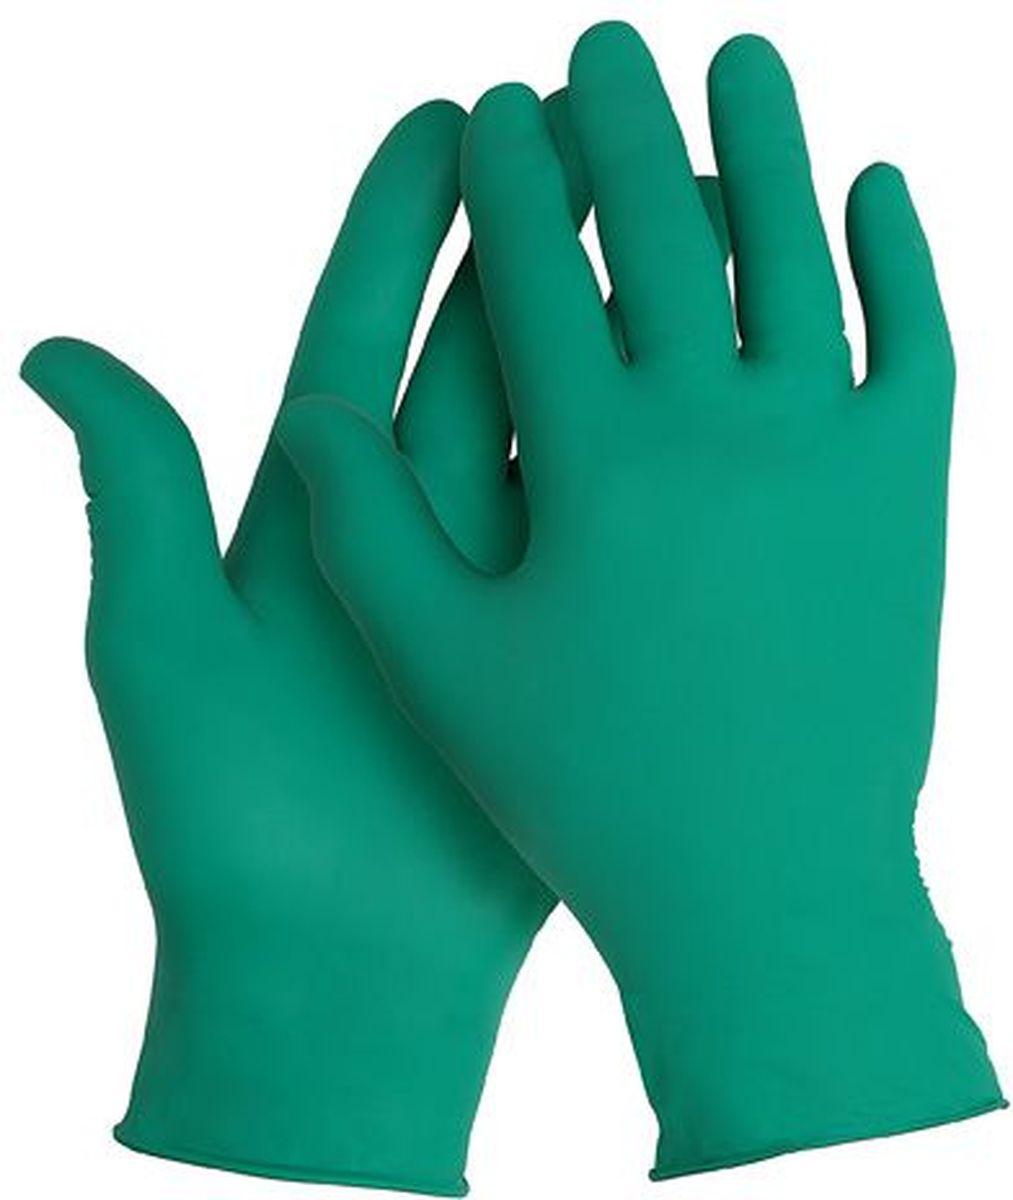 Перчатки хозяйственные Kleenguard G20, размер 9 (L), цвет: зеленый, 1250 шт4606400105459Ассортимент перчаток для защиты рук от химических веществ и механических воздействий – повышают безопасность работ и сокращают затраты. Идеальное решение, обеспечивающее защиту уровня СИЗ категории III (CE Complex) от брызг химических веществ в медицине, полиграфии, сельском хозяйстве, на участках сборки и окраски автомобилей, при выполнении аварийных работ, сборе мусора, химических разливов и утилизации отходов. Не содержат латекс и присыпок. Прочные и эргономичные перчатки с высокой тактильной чувствительностью. Могут быть использованы в пищевой промышленности или HoReCa.Формат поставки: сверхтонкие перчатки с универсальным дизайном для обеих рук; не содержат присыпку и латекс; усиленная манжета для дополнительной прочности, рельефная поверхность пальцев для лучшего захвата; широкий ассортимент размеров – от XS до XL – обеспечивает комфортное ношение.Размеры:90090 - XS (6)90091 - S (7)90092 - M (8)90093 - L (9)
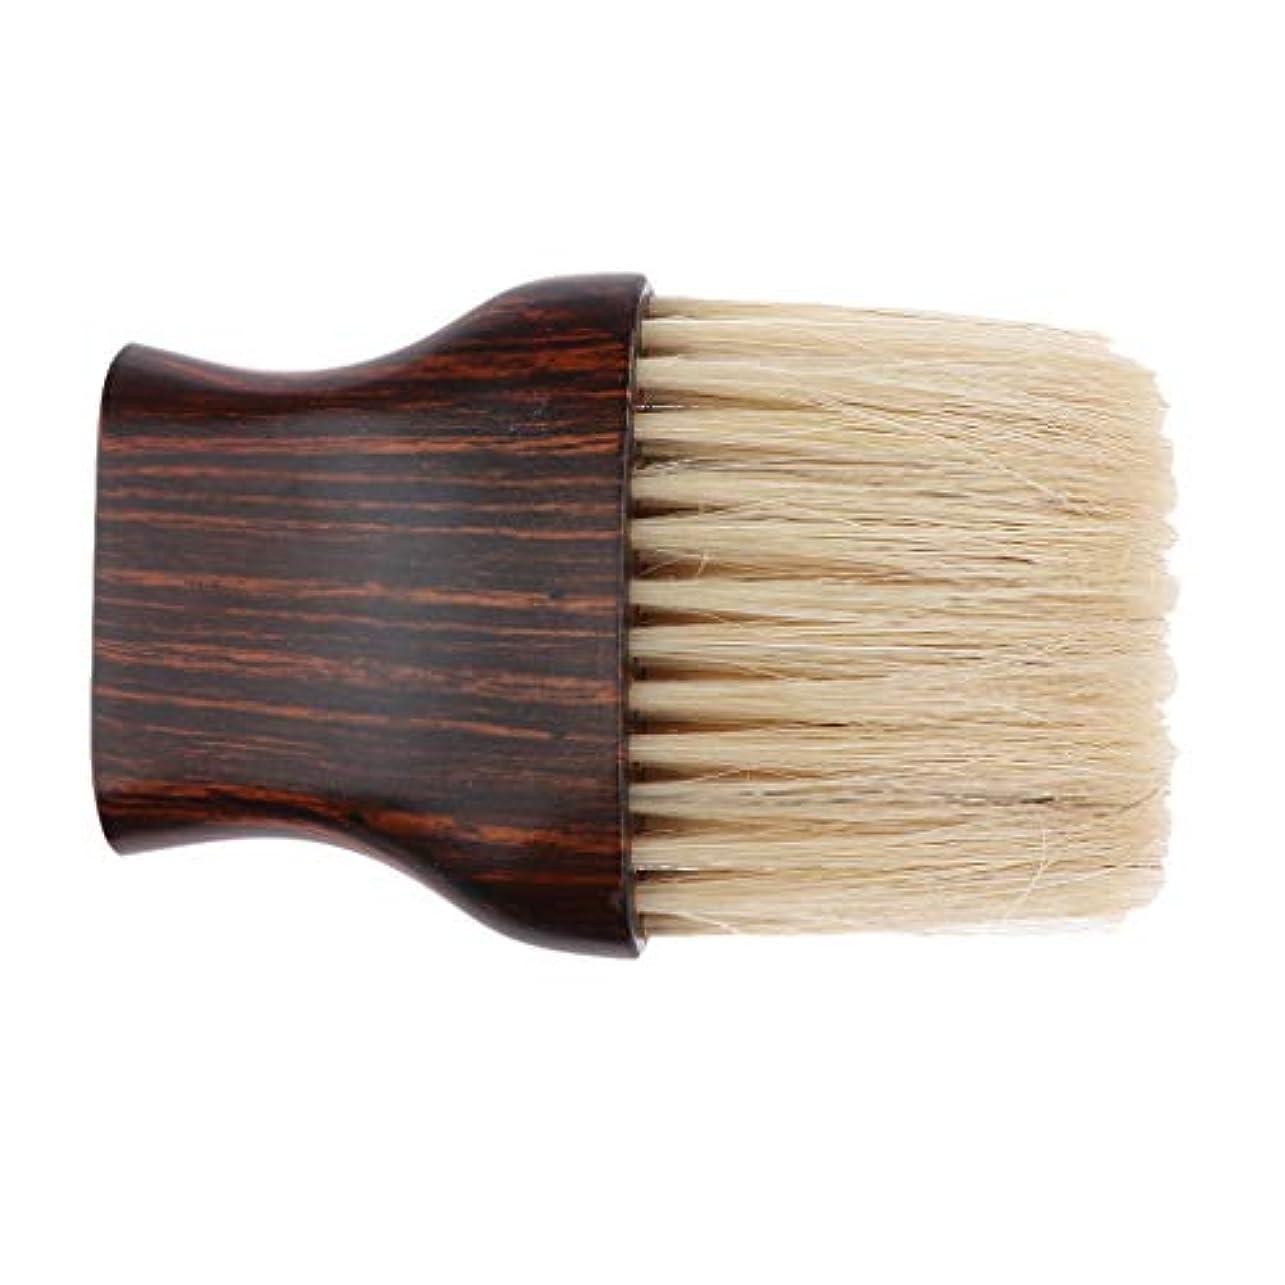 フォージディレクトリキャンプヘアブラシ 毛払いブラシ 木製ハンドル 散髪 髪切り 散髪用ツール 理髪店 美容院 ソフトブラシ
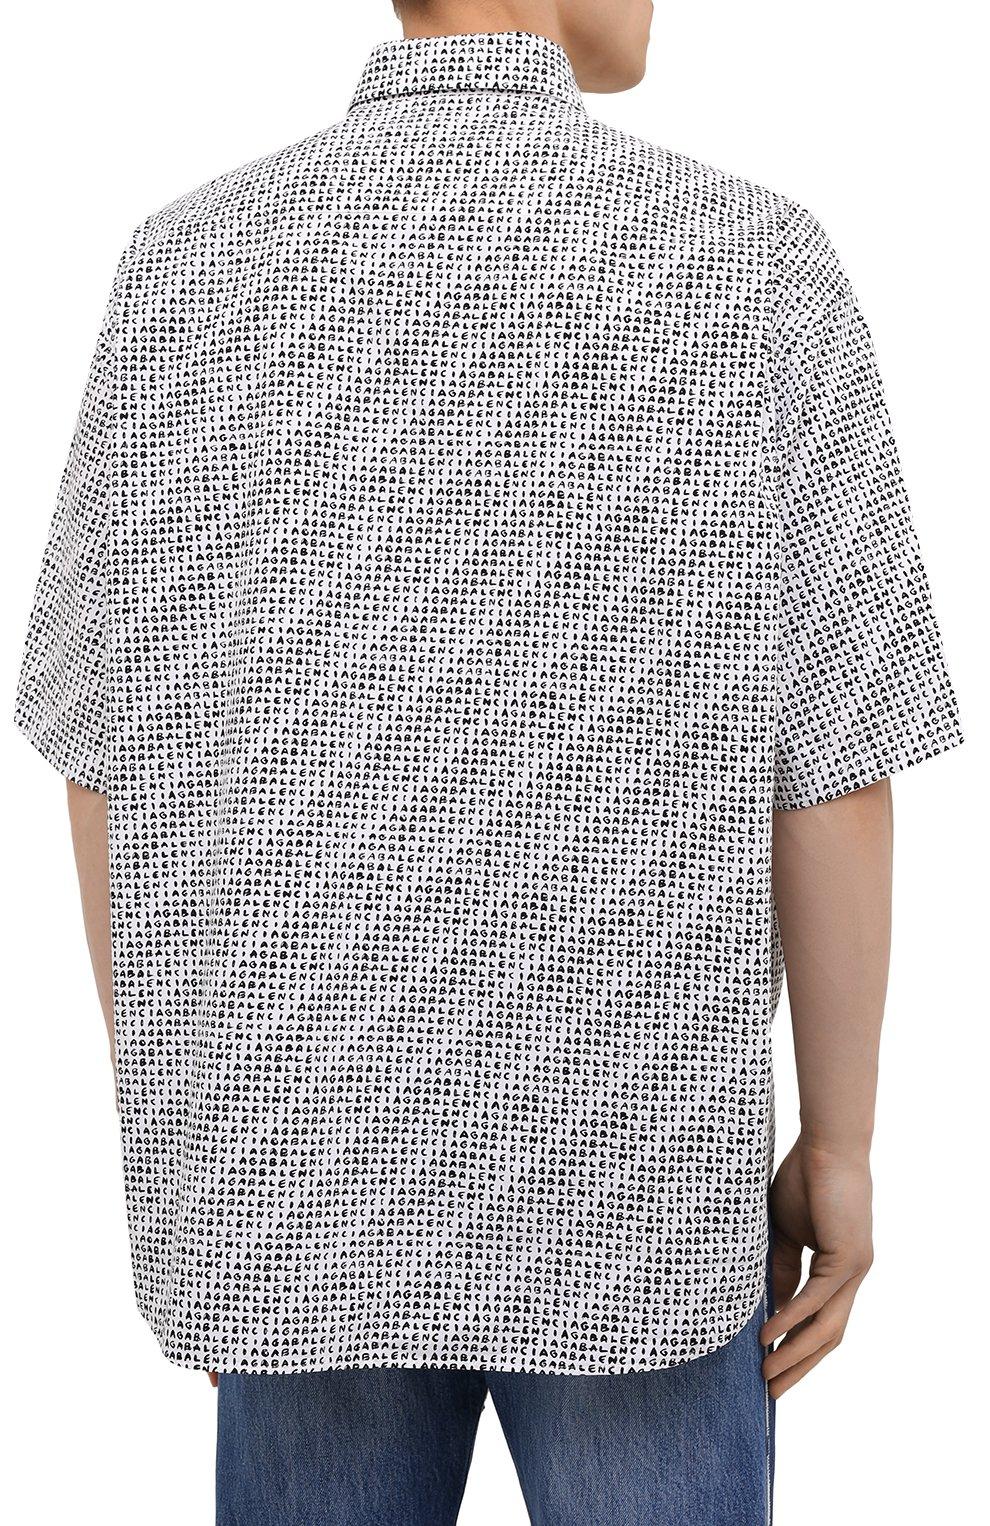 Мужская хлопковая рубашка BALENCIAGA черно-белого цвета, арт. 647354/TKL40 | Фото 4 (Воротник: Button down; Рукава: Короткие; Случай: Повседневный; Длина (для топов): Стандартные; Стили: Гранж; Принт: С принтом; Материал внешний: Хлопок)

▸ YOUR GOAL
Full transcription of the material, exact in every line, without images.

▸ COMPLETED TASK
 Перчатки хозяйственные Kleenguard G20, размер 9 (L), цвет: зеленый, 1250 шт4606400105459Ассортимент перчаток для защиты рук от химических веществ и механических воздействий – повышают безопасность работ и сокращают затраты. Идеальное решение, обеспечивающее защиту уровня СИЗ категории III (CE Complex) от брызг химических веществ в медицине, полиграфии, сельском хозяйстве, на участках сборки и окраски автомобилей, при выполнении аварийных работ, сборе мусора, химических разливов и утилизации отходов. Не содержат латекс и присыпок. Прочные и эргономичные перчатки с высокой тактильной чувствительностью. Могут быть использованы в пищевой промышленности или HoReCa.Формат поставки: сверхтонкие перчатки с универсальным дизайном для обеих рук; не содержат присыпку и латекс; усиленная манжета для дополнительной прочности, рельефная поверхность пальцев для лучшего захвата; широкий ассортимент размеров – от XS до XL – обеспечивает комфортное ношение.Размеры:90090 - XS (6)90091 - S (7)90092 - M (8)90093 - L (9)
 フォージディレクトリキャンプヘアブラシ 毛払いブラシ 木製ハンドル 散髪 髪切り 散髪用ツール 理髪店 美容院 ソフトブラシ
 Мужская хлопковая рубашка BALENCIAGA черно-белого цвета, арт. 647354/TKL40 | Фото 4 (Воротник: Button down; Рукава: Короткие; Случай: Повседневный; Длина (для топов): Стандартные; Стили: Гранж; Принт: С принтом; Материал внешний: Хлопок)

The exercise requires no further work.